The first is a vertical motion, which is subject to acceleration due to gravity, and the second is a horizontal motion, which experiences no acceleration. The figure below places these two motions within a frame of reference, using the y-axis for the vertical motion and the x-axis for the horizontal motion.
Because the two motions are perpendicular, and therefore independent, we can treat them separately and analyze them separately.

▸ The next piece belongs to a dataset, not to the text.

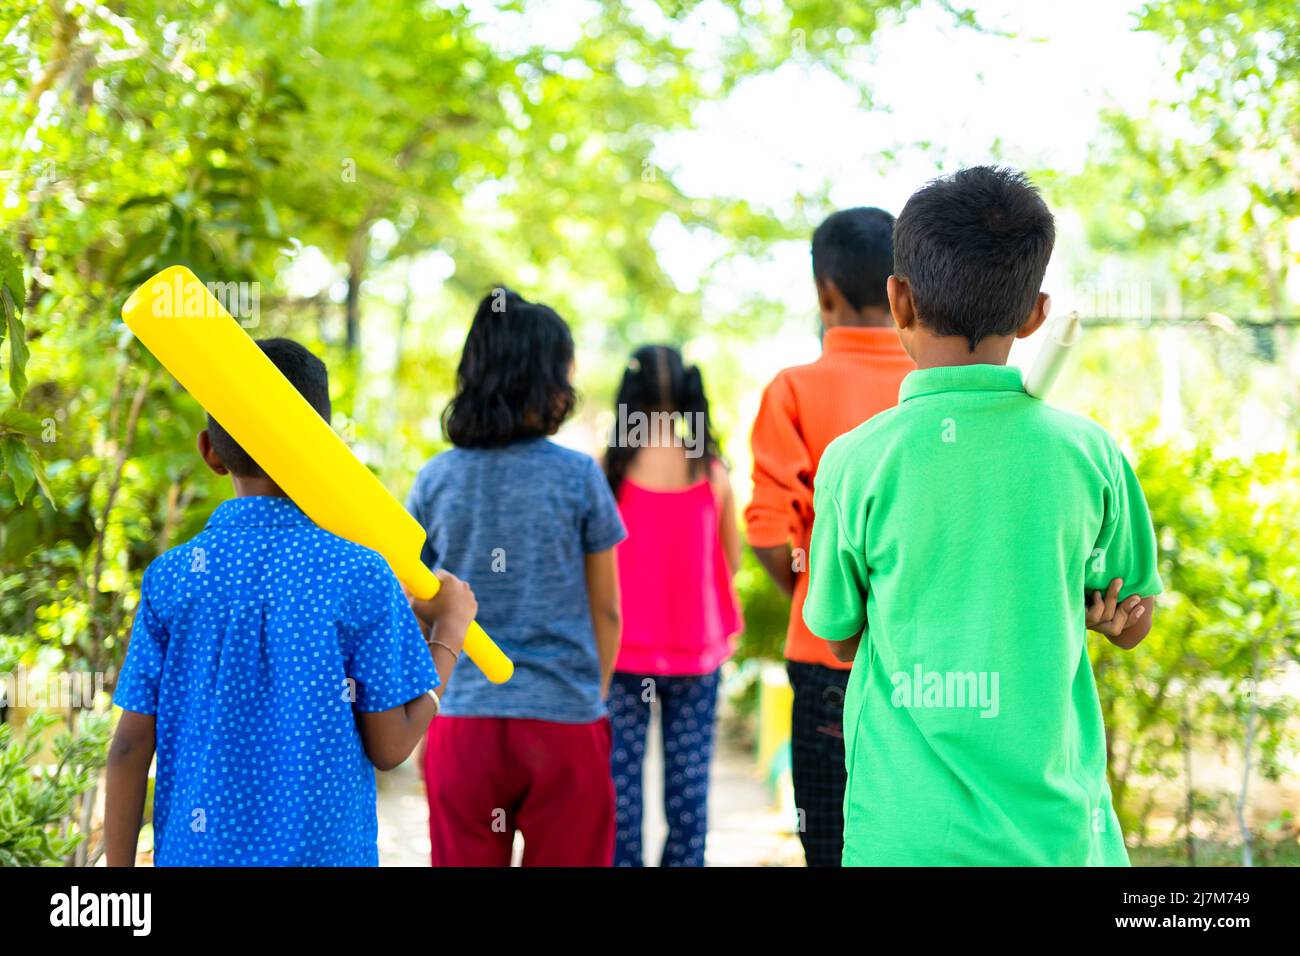 Back view shot of teenager kids going to home after playing cricket game at park - concept of weekend holidays, leisure activities and togetherness Stock Photo

Formation of the parabolic trajectory of a projectile
Let us now look at how the accelerated vertical motion and the nonaccelerated horizontal motion superimpose to give the parabolic trajectory of a projectile. The figure below shows the vertical motion on the left and the horizontal motion along the base. Each successive image in both motions occurs after the same periods of time. We now regard the images as time-matched pairs and use them as coordinates to plot the combined motion of the projectile. The figure below shows how this is done.
How to Calculate the velocity of the projectile at different points of its parabola trajectory?
Projectiles are most commonly sent out at some angle to the horizontal. This initial velocity can quite easily be resolved into vertical and horizontal components using trigonometry, as shown in the figure below. Performing this calculation determines the initial velocity in the vertical direction and the initial velocity in the horizontal direction.
The velocity of the projectile at other times during its motion can be found by combining the vertical and horizontal velocities together in vector addition. The figure below shows how this vector addition is performed at a position where the projectile has almost risen to a peak. Notice that the real velocity of the projectile is directed at a tangent to the trajectory.
Give some real-life examples of projectile motion
A projectile is any object that is thrown, dropped, or otherwise launched into the air. This includes such things as a box dropped from a plane, a thrown ball, a struck golf ball, a kicked football, or even a fired bullet or cannonball. For our purposes, however, it does not include a rocket, because the thrust of a rocket continues well into its flight. Projectiles are projected into the air and then left to complete their unpowered flight.
When you throw some object making an angle with the horizontal (angle less than 90 degrees), and it goes off your hand then you are no more applying any force on that object. But there will be a force omnipresent acting on that stone. That is Gravity or Gravitational force applied by the earth. And this force directs vertically downwards pointing to the center of the earth. If gravity was not present that stone would continue to move in a straight line maintaining the same angle with the horizontal plane. But this downward pull of gravity takes it down.
On one hand, that stone tries to maintain a constant velocity along the horizontal as there is no force on it along that direction. On the other hand, it gets a downward pull caused by gravity and faces an acceleration equal to g (acceleration due to gravity). Under these 2 movements, it takes a parabolic path.
Force applied on a projectile and its acceleration
Throughout the flight, the projectile is subject to just one force — the force of gravity, and just one acceleration — acceleration due to gravity, g, or 9.8 m/s^2 downwards near the surface of the Earth.
Two simple rules that govern the projectile motion
- The horizontal motion and vertical motion are independent. They can be analyzed and calculated separately.
- The horizontal velocity is always constant (neglecting the air friction). The vertical motion has a constant acceleration (downward at 9.8 m/s2 at the surface of the Earth) and gravity is the only force acting on the object.